# Project 3: Blood Donor Classification
(by: Martin Marsal, Benedikt Allmendinger, Christian Diegmann; Heilbronn University, Germany, January 2025)

## 0. Preperation
First, get to know the dataset and deal with missing values.
- Perform an exploratory data analysis to get to know the data set
- Preprocess the data. If there are missing values, impute them.
- Estimate the accuracy of your imputation for each feature

In [None]:
import pandas as pd
import numpy as np
import matplotlib.pyplot as plt
import seaborn as sns
from sklearn.impute import KNNImputer
from sklearn.metrics import mean_squared_error

In [None]:
# Read the CSV file into a DataFrame
df = pd.read_csv('hemodat.csv')

# 1. Basic Information
print("Basic Information:")
print(df.info())
print("\nShape of the dataset:", df.shape)

In [None]:
# 2. Summary Statistics
print("\nSummary Statistics (Numerical):")
print(df.describe())

print("\nSummary Statistics (Categorical):")
categorical_columns = df.select_dtypes(include=['object']).columns
print(df[categorical_columns].describe())

In [None]:
# 3. Distribution Analysis
numerical_columns = df.select_dtypes(include=[np.number]).columns

# Histograms for numerical data
df[numerical_columns].hist(bins=15, figsize=(15, 10), layout=(len(numerical_columns)//3 + 1, 3))
plt.tight_layout()
plt.show()

# Count plots for categorical data
for col in categorical_columns:
    sns.countplot(y=col, data=df)
    plt.show()

In [None]:
# 4. Correlation Matrix
# Select only numeric columns for correlation matrix
numeric_columns = df.select_dtypes(include=[np.number]).columns
correlation_matrix = df[numeric_columns].corr()
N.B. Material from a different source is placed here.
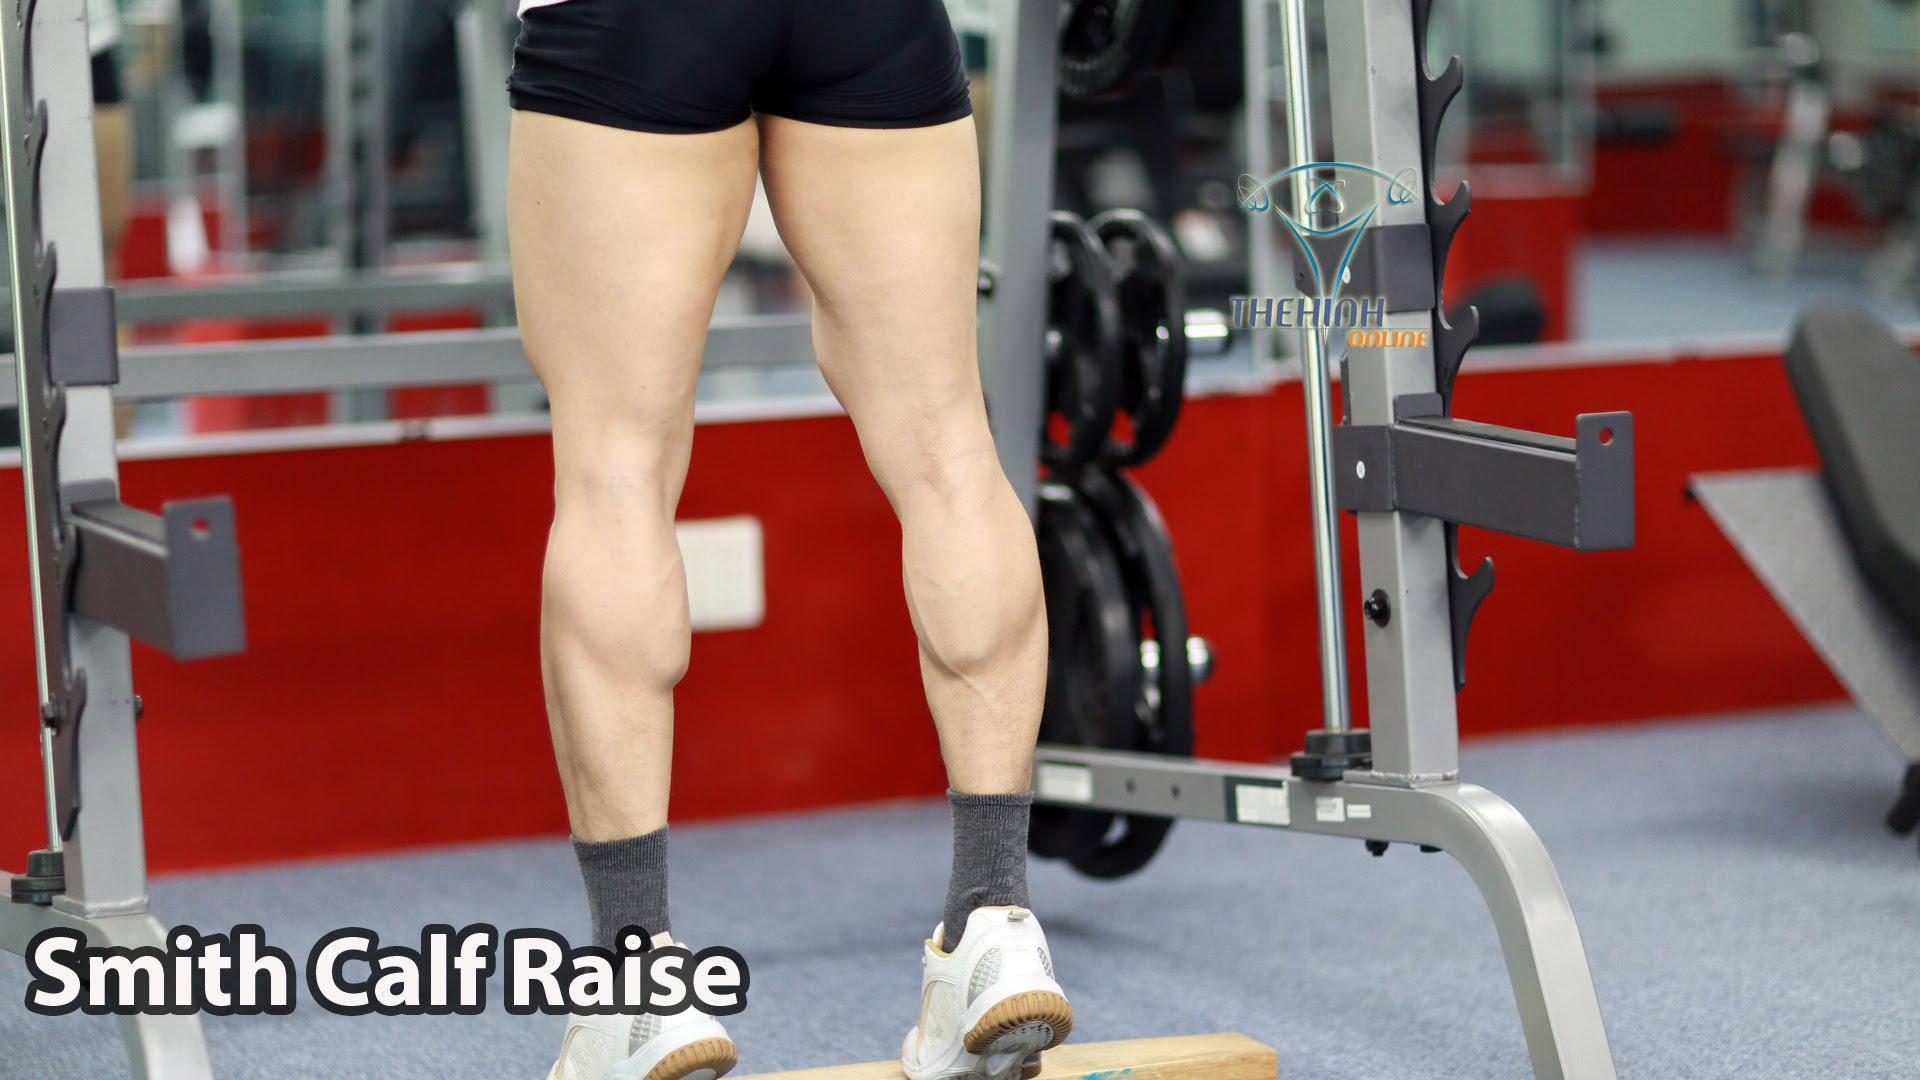 Video Smith Calf Raise Tập Thể Hình Cơ Bắp Chân

# Visualize the correlation matrix
sns.heatmap(correlation_matrix, annot=False, cmap="coolwarm")
plt.title("Correlation Matrix of Numeric Features")
plt.show()

In [None]:
# 5. Feature Engineering Insights
print("\nUnique Values per Column:")
print(df.nunique())

In [None]:
# Strip any leading/trailing spaces from column names
df.columns = df.columns.str.strip()

# Calculate the number of missing values for each feature
missing_values = df.isnull().sum()

# Output the count of missing values for each feature
print("Missing values per feature:")
for feature, missing_count in missing_values.items():
    print(f"{feature}: {missing_count}")

In [None]:
# Define the KNN imputer
knn_imputer = KNNImputer(n_neighbors=5, weights='uniform')

# Apply KNN imputer to the DataFrame
numerical_columns = df.select_dtypes(include=['number']).columns
df[numerical_columns] = knn_imputer.fit_transform(df[numerical_columns])
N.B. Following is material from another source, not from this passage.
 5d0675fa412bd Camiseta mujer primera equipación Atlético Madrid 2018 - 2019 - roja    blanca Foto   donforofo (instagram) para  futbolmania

# Check if all null values are imputed
foundNull = df.isnull().values.any()
if foundNull:
    raise TypeError('Found null value in DataFrame.')

# Output the cleaned DataFrame
print("DataFrame after KNN imputation:")
print(df)

In [None]:
# Select numerical columns
numerical_columns = df.select_dtypes(include=['number']).columns
df_numerical = df[numerical_columns]

# Create a copy of the original data
original_data = df_numerical.copy()

# Introduce missing values artificially (10% missing)
np.random.seed(42)
mask = np.random.rand(*df_numerical.shape) < 0.1  # Mask for 10% missing
df_missing = df_numerical.copy()
df_missing[mask] = np.nan

# Apply KNN Imputer
knn_imputer = KNNImputer(n_neighbors=5, weights='uniform')
df_imputed = pd.DataFrame(knn_imputer.fit_transform(df_missing), columns=numerical_columns)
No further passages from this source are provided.